● **Exercise details**
Once you reach the line containing "We look into" in the entries below, write out that line and each one after it down to the line containing "Exhaust mt 07", exactly and with nothing added.

*** Opening Dataset records ***

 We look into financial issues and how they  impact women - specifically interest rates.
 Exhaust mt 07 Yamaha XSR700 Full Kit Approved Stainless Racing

*** Closing Dataset records ***
*** Opening Dataset records ***

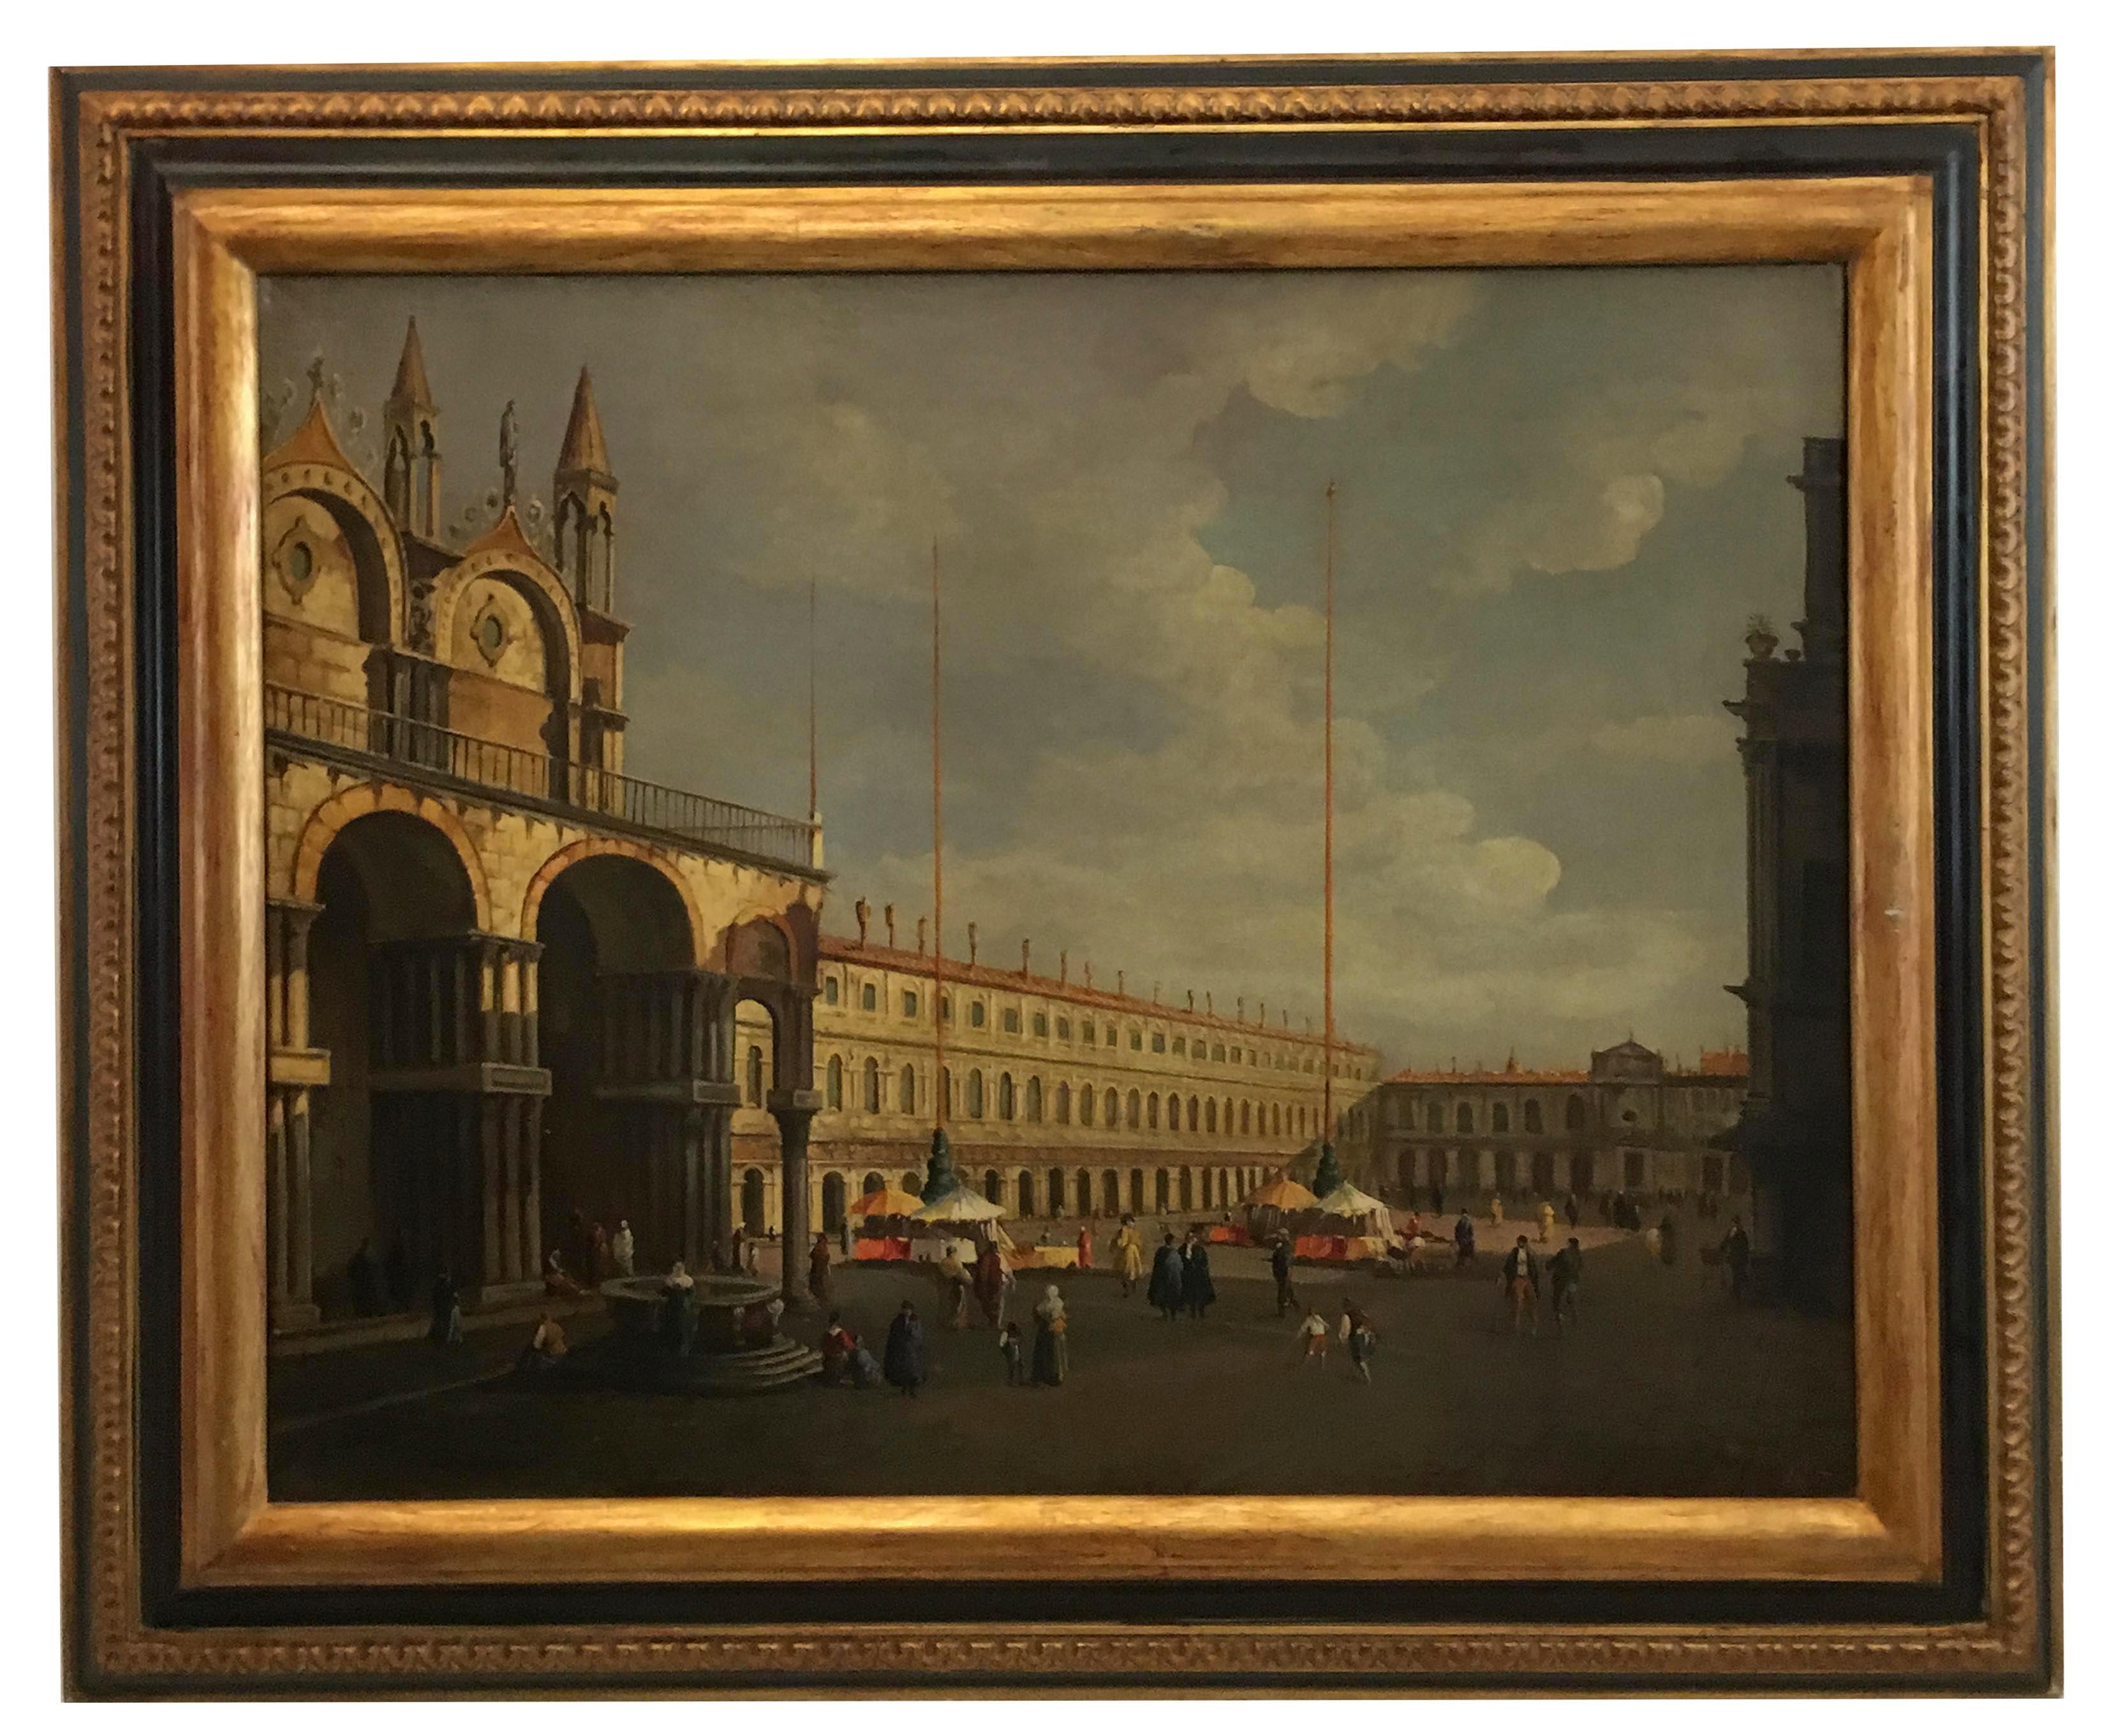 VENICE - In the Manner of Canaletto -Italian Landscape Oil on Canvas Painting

*** Closing Dataset records ***

● **Answer space**
 We look into financial issues and how they  impact women - specifically interest rates.
 Exhaust mt 07 Yamaha XSR700 Full Kit Approved Stainless Racing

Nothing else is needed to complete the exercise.